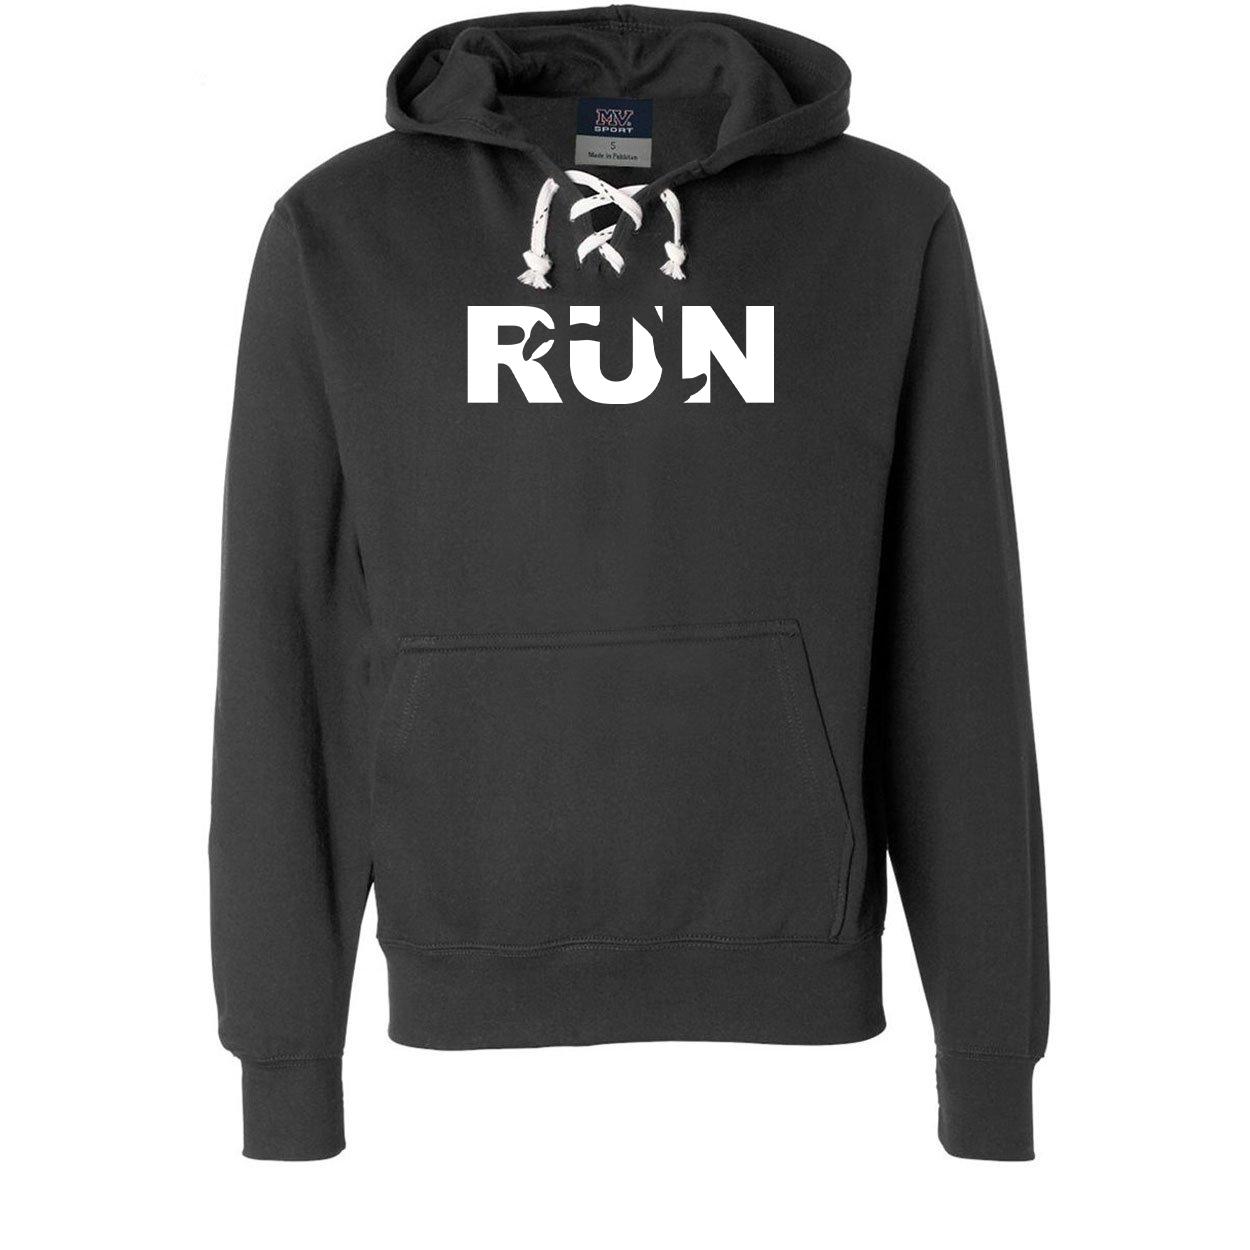 Run Jog Logo Classic Unisex Premium Hockey Sweatshirt Black (White Logo)
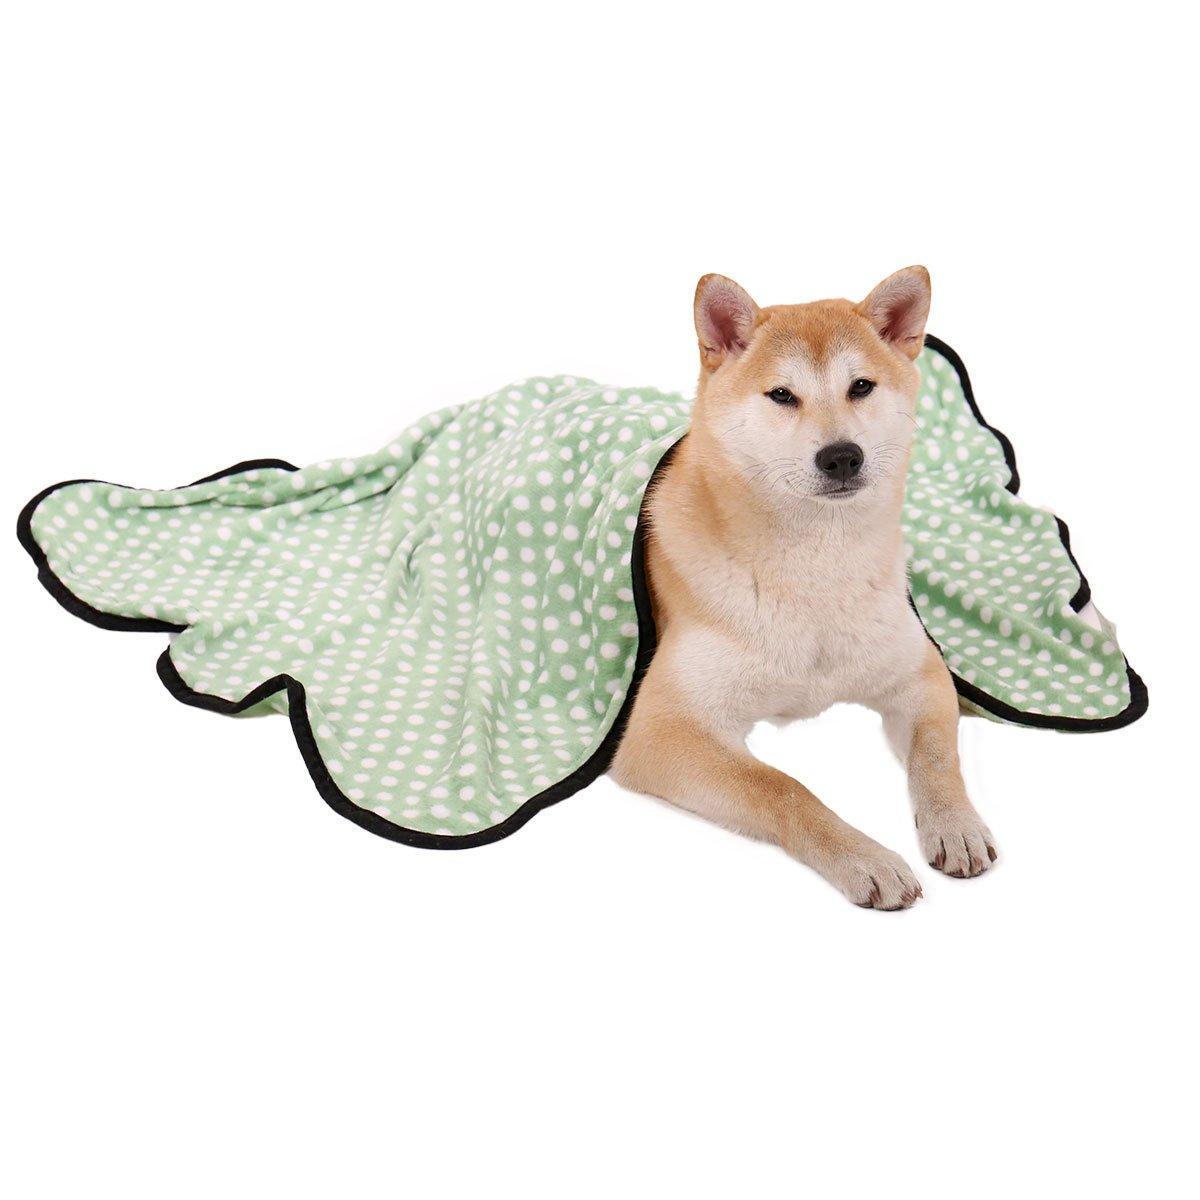 Dog Cat Velvet Blanket ,Speedy Pet Puppy Cushion Soft Warm Sleep Mat Blankets for All Kinds of Small Medium Large Animals Green M
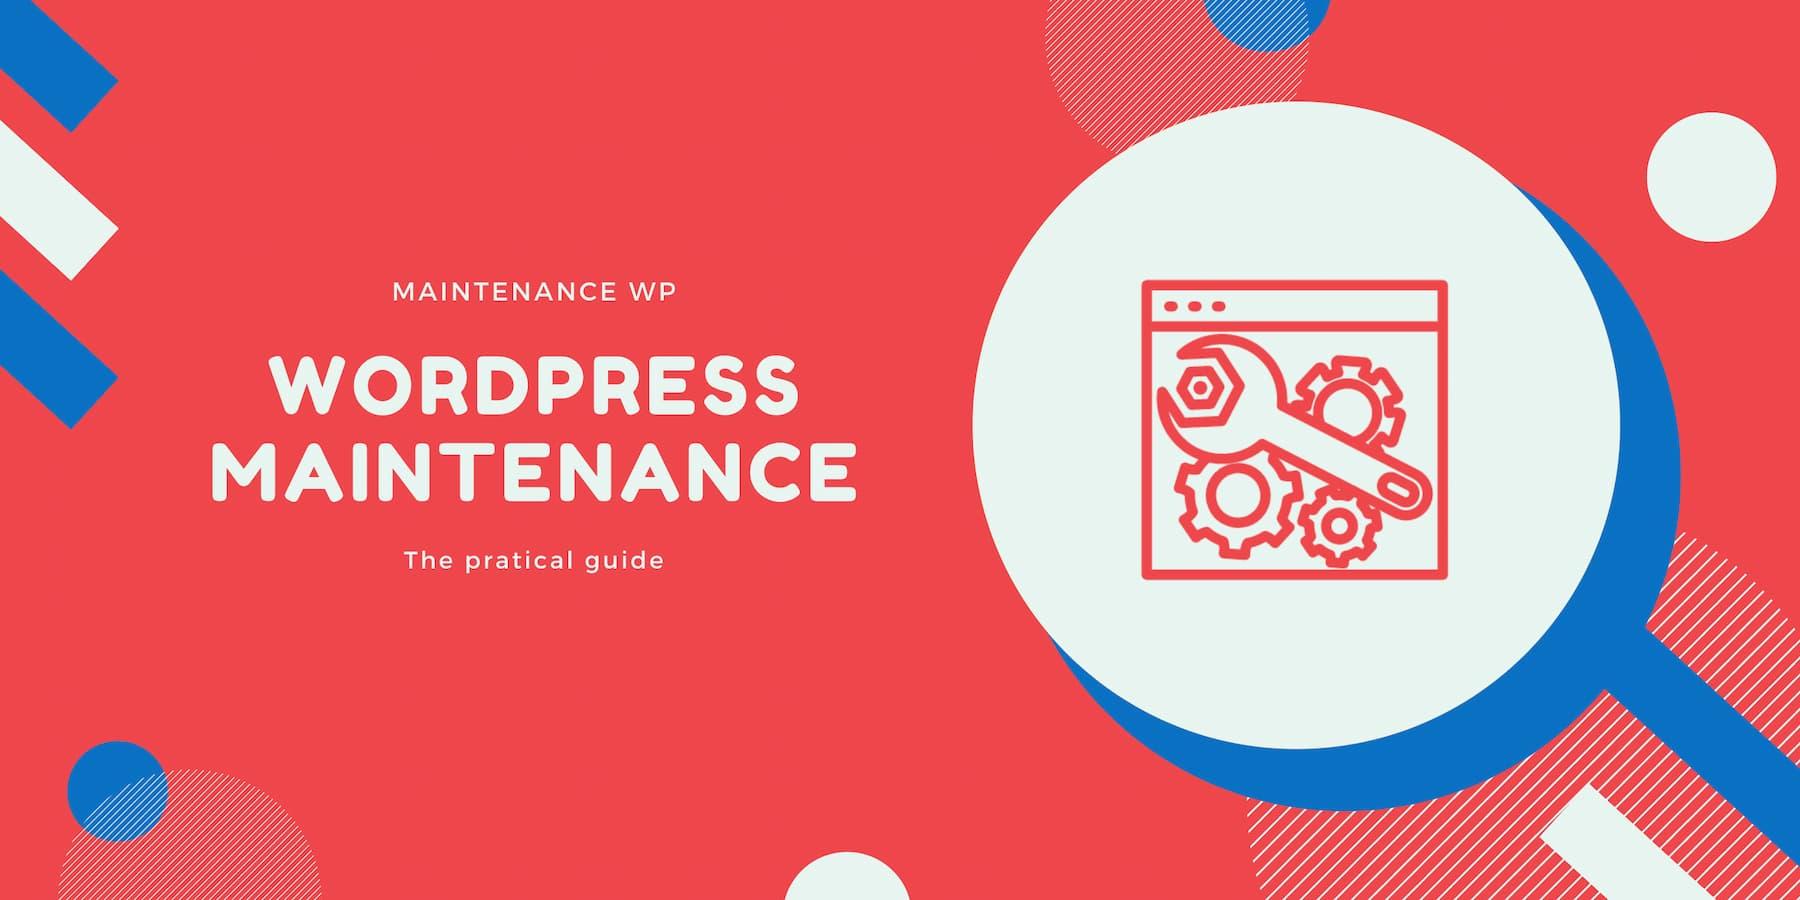 WordPress maintenance guide
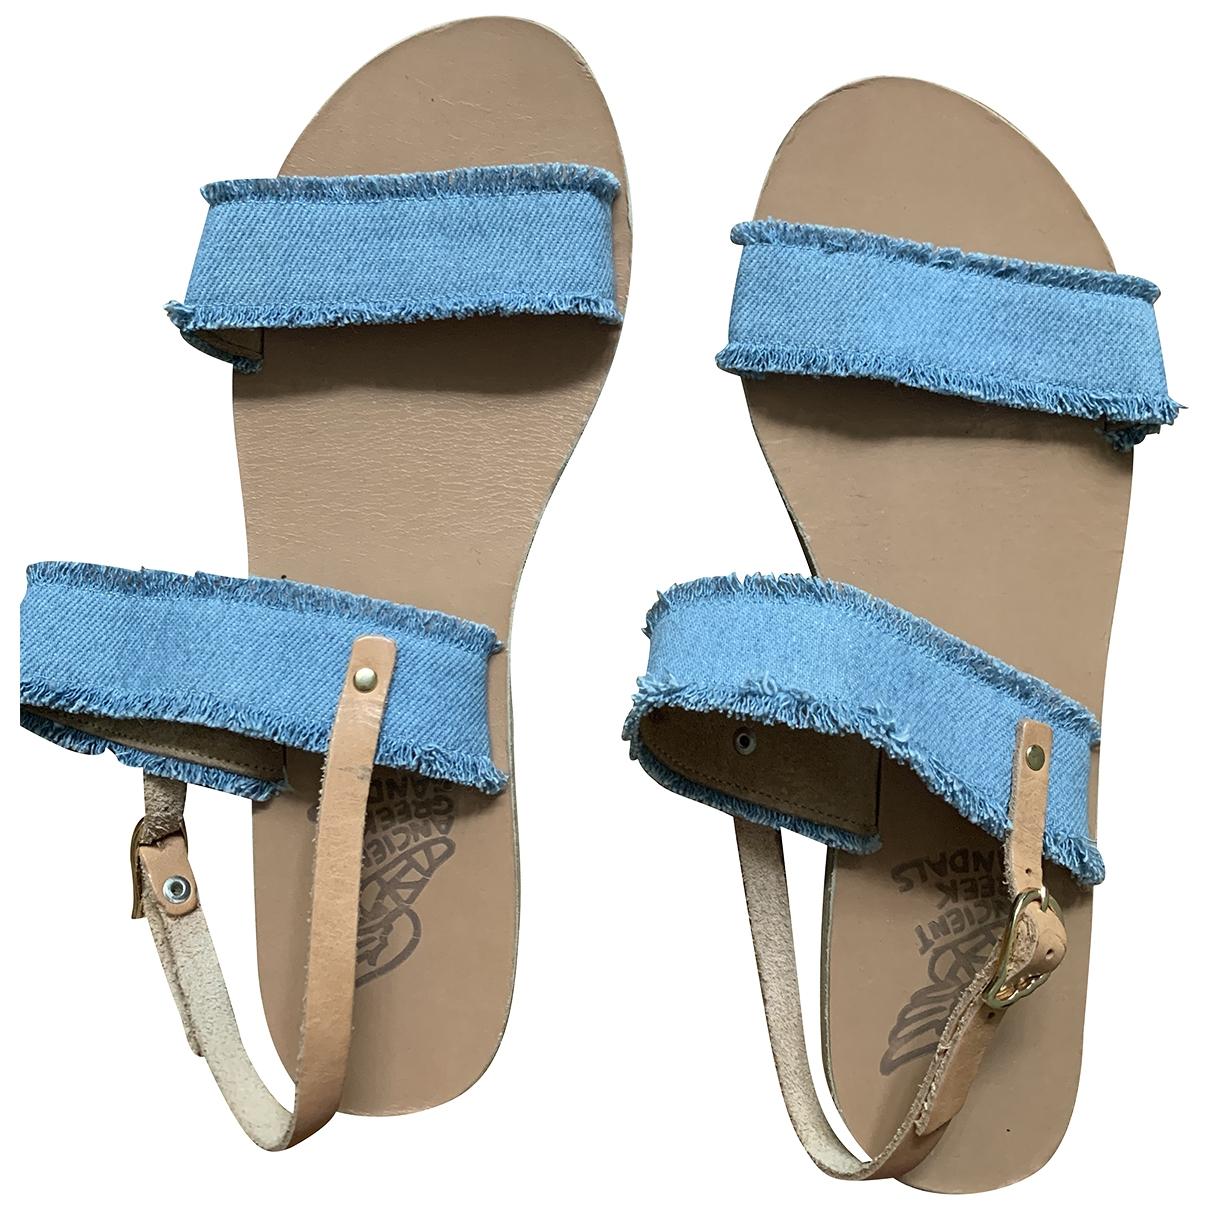 Sandalias romanas de Lona Ancient Greek Sandals

» Requirement
Without including a single picture, restate all of the data word for word.

» Solved problem
 Run Jog Logo Classic Unisex Premium Hockey Sweatshirt Black (White Logo)
 Dog Cat Velvet Blanket ,Speedy Pet Puppy Cushion Soft Warm Sleep Mat Blankets for All Kinds of Small Medium Large Animals Green M
 WordPress maintenance guide
 Sandalias romanas de Lona Ancient Greek Sandals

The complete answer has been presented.